2024-04-22 07:46:17

by Oliver Sang

[permalink] [raw]
Subject: [linux-next:master] [init] b8de39bd1b: BUG:kernel_failed_in_early-boot_stage,last_printk:early_console_in_setup_code



Hello,

kernel test robot noticed "BUG:kernel_failed_in_early-boot_stage,last_printk:early_console_in_setup_code" on:

commit: b8de39bd1b76faffe7cd91e148a6d7d9bf4e38f7 ("init: fix allocated page overlapping with PTR_ERR")
https://git.kernel.org/cgit/linux/kernel/git/next/linux-next.git master

[test failed on linux-next/master a35e92ef04c07bd473404b9b73d489aea19a60a8]

in testcase: boot

compiler: gcc-13
test machine: qemu-system-x86_64 -enable-kvm -cpu SandyBridge -smp 2 -m 16G

(please refer to attached dmesg/kmsg for entire log/backtrace)

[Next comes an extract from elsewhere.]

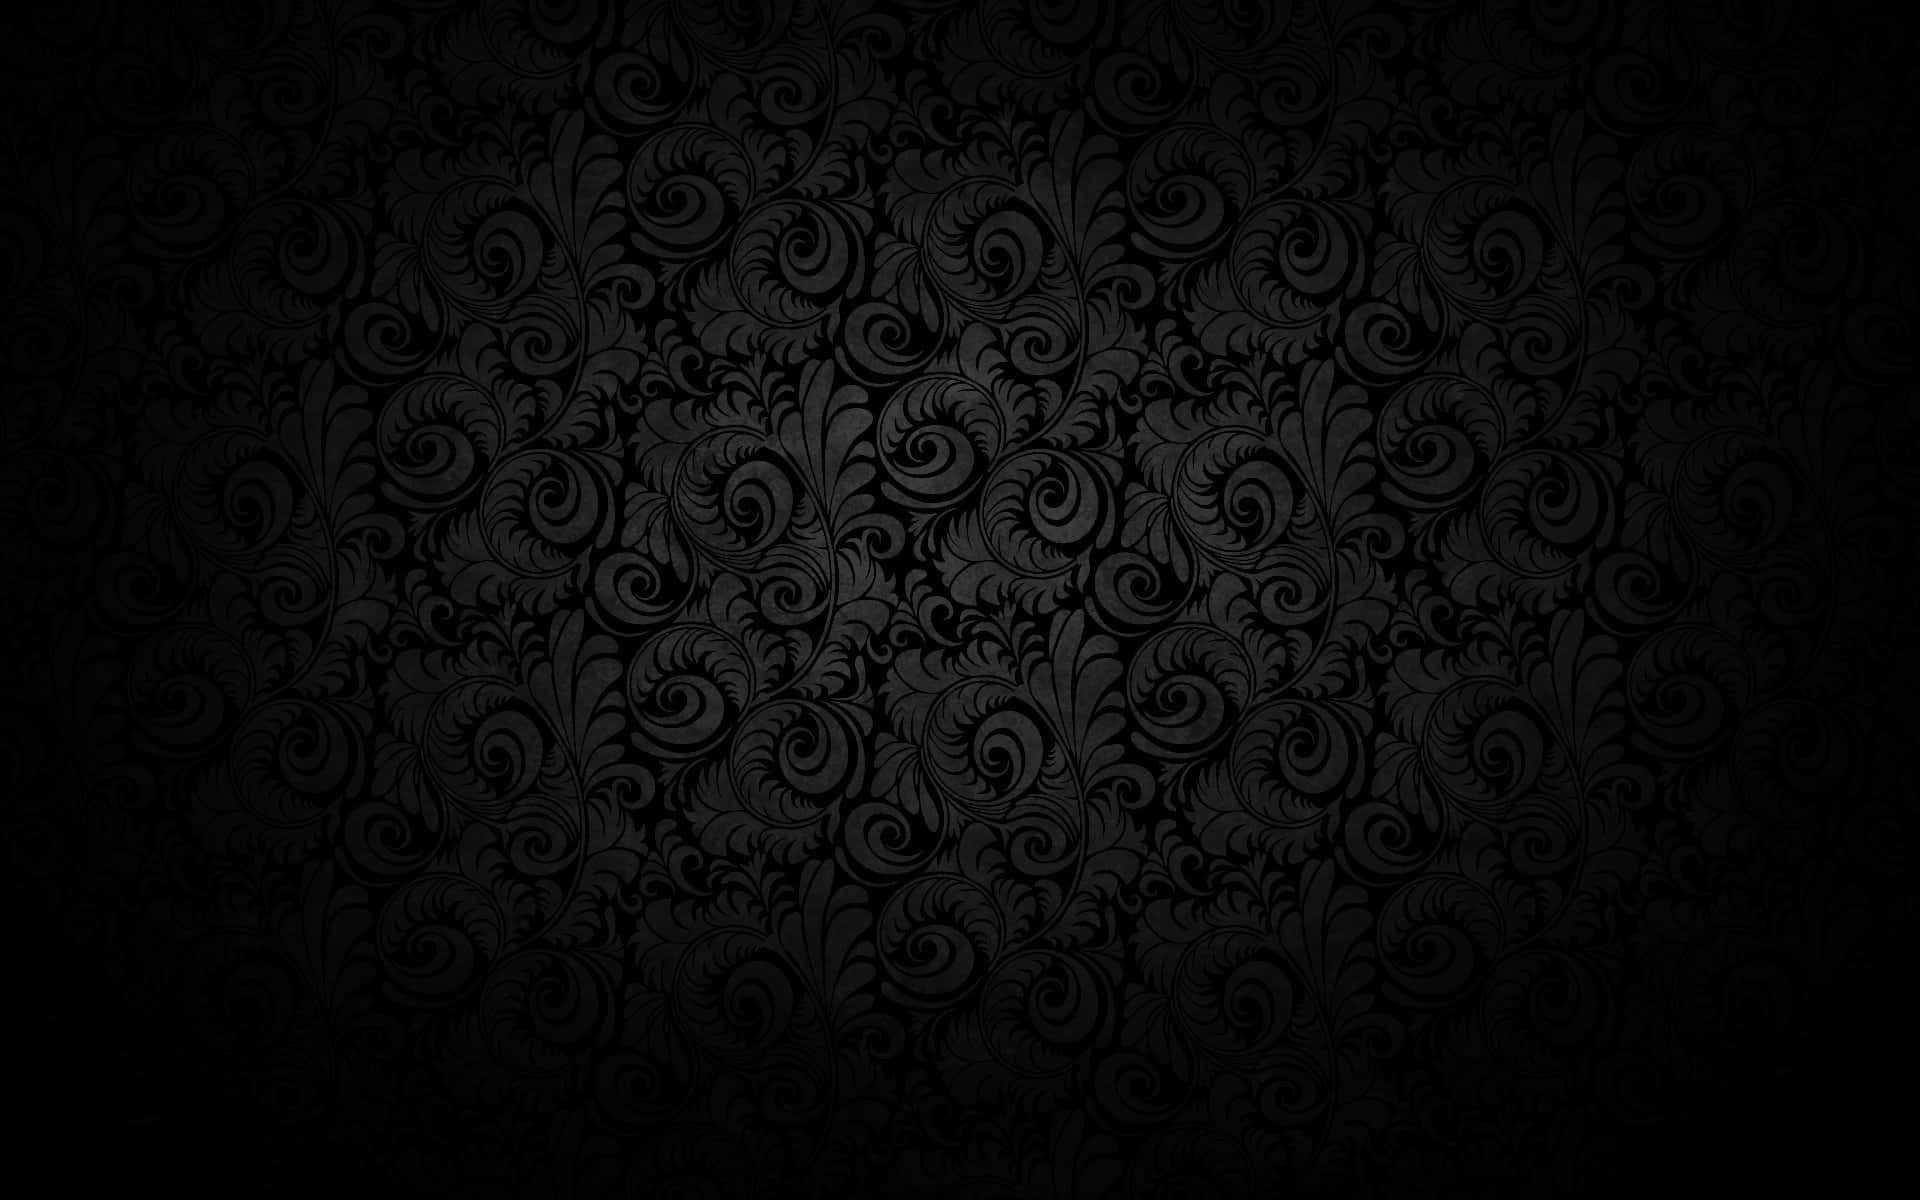 Plain Black Desktop With Swirling Leaves Wallpaper

+-------------------------------------------------------------------------------+------------+------------+
| | fdb74eb6c7 | b8de39bd1b |
+-------------------------------------------------------------------------------+------------+------------+
| boot_successes | 12 | 0 |
| boot_failures | 0 | 12 |
| BUG:kernel_failed_in_early-boot_stage,last_printk:early_console_in_setup_code | 0 | 12 |
+-------------------------------------------------------------------------------+------------+------------+


If you fix the issue in a separate patch/commit (i.e. not just a new version of
the same patch/commit), kindly add following tags
| Reported-by: kernel test robot <[email protected]>
| Closes: https://lore.kernel.org/oe-lkp/[email protected]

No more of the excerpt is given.